Fluctuation Enhanced Sensing has been an active field of research for some years among those who study the applicability of noise. Our goal is to combine the principle with machine learning to make an application that is capable of odor detection. In our work, we examined the feasibility of a microcontroller-based, long-lifetime application mainly from the perspective of power consumption and reviewed the already available technologies. Our current research aims to detect different odors using multiple commercially available gas sensors by examining their output resistance signals in both the time-domain, and the frequency-domain.

Bálint Maczák

General characterisation of human activity and comparison of its determination methods

We participated in an extensive research project in cooperation with psychiatrists and biophysicists.
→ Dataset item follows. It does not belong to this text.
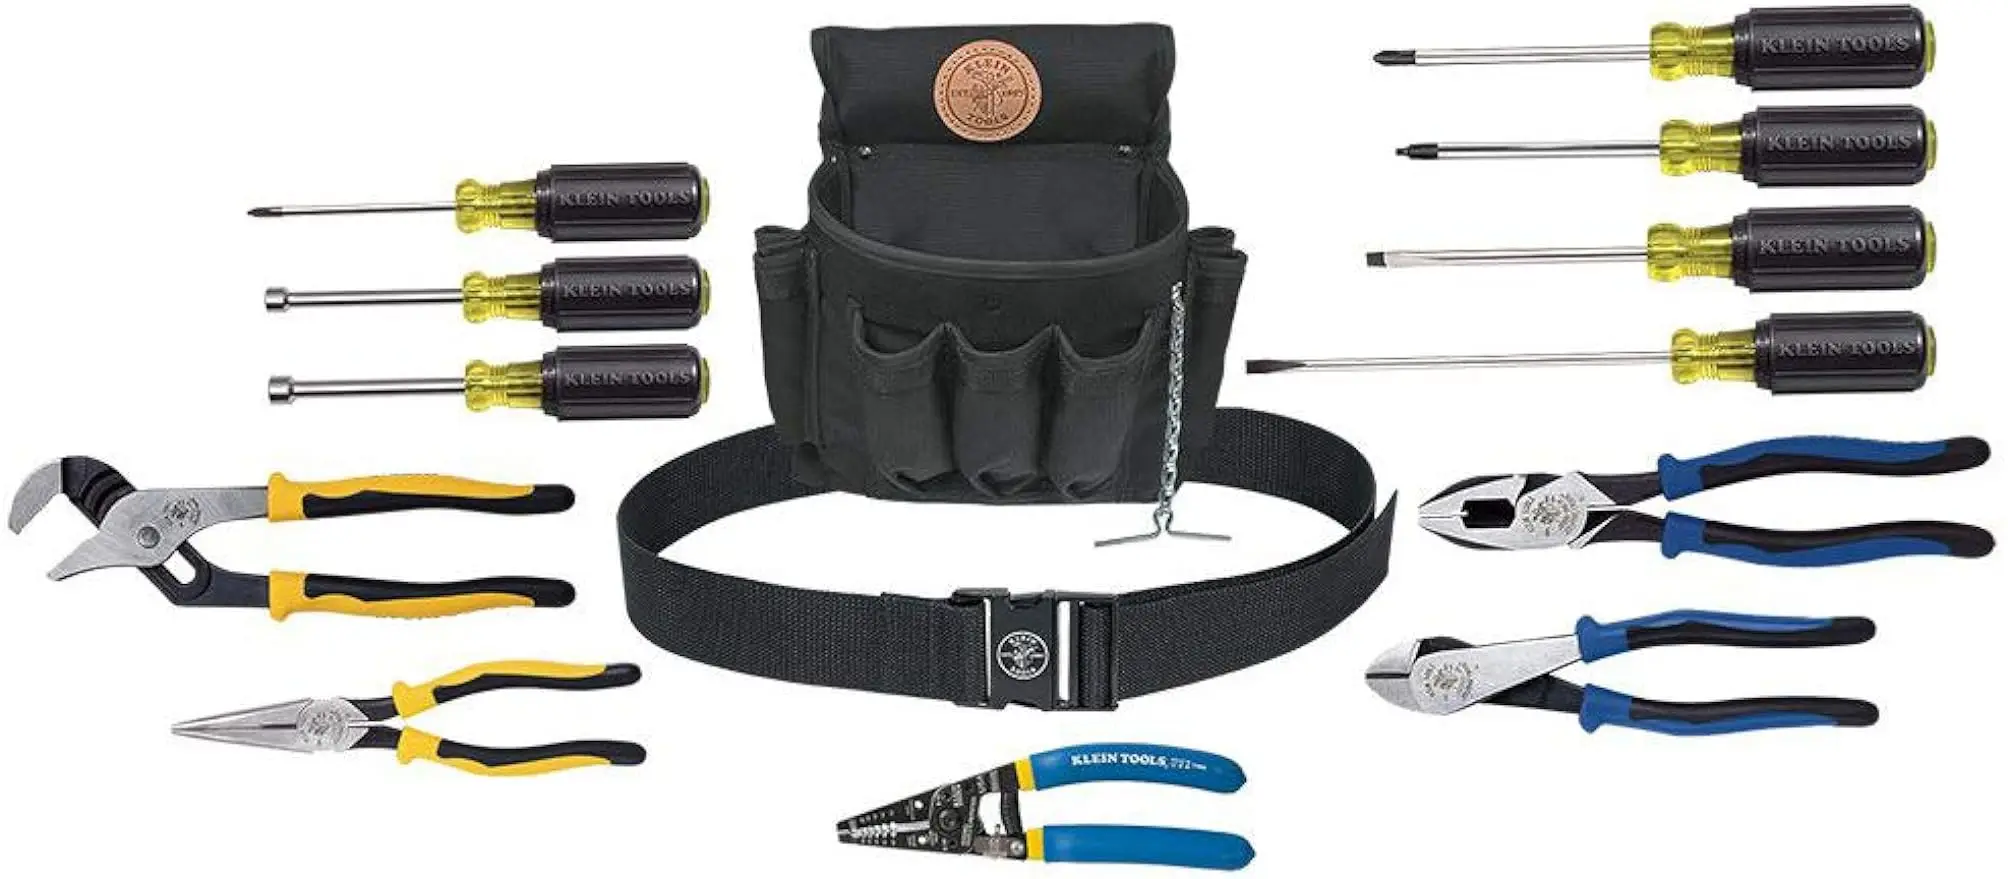 Klein Tools 92914 Tool Kit, Tool Set Includes Basic Tools, Pouch and Belt for Journeyman, Linesman, Professionals and Homeowners

The collaboration involved the measurement of raw acceleration signals on the non-dominant wrist of 42 healthy, free-living subjects over 10 days to measure their locomotor activity. The data acquisition had several interdisciplinary objectives. Firstly, we were interested in determining how activity signals could be quantified from the acceleration signals. Such actigraphic measurements are an important part of research in different disciplines, yet the procedure of determining activity values is unexpectedly not standardized in the literature. The acceleration data can be diversely preprocessed, and then the activity values can be calculated using various activity metrics. Therefore, several types of activity signals can be determined from the same recording. To resolve methodological inconsistencies, we executed a detailed and comprehensive comparison of the activity calculation procedures by assessing the relationship between the different types of activity signals derived from the previously mentioned dataset. The correlation pattern revealed that most activity metrics produce closely related activity signals from identically preprocessed acceleration recording, but in practice, the data preparation varies between manufacturers and methods. In the world of human dynamics analysis, the scale-free nature of temporal and spatial patterns is a recurring motif. This universality has already been identified by our research group in human location displacement data in the form of 1/f-type noise, which is a special form of power-law scaling in the frequency domain. The scale-free properties in human activity have also been identified through statistical analysis (e.g., distribution of passive periods), however, the description of human activity’s spectral characteristics was incomplete. To explore the general spectral nature of human activity in greater detail, we analyzed their fluctuations. We revealed that different types of activity signals’ spectrum generally follow a universal characteristic, including 1/f noise over frequencies above the circadian rhythmicity. Moreover, we discovered that the spectrum of the raw acceleration signal has this same characteristic, and therefore the scale-free nature is generally inherent to the motor activity of healthy, free-living humans.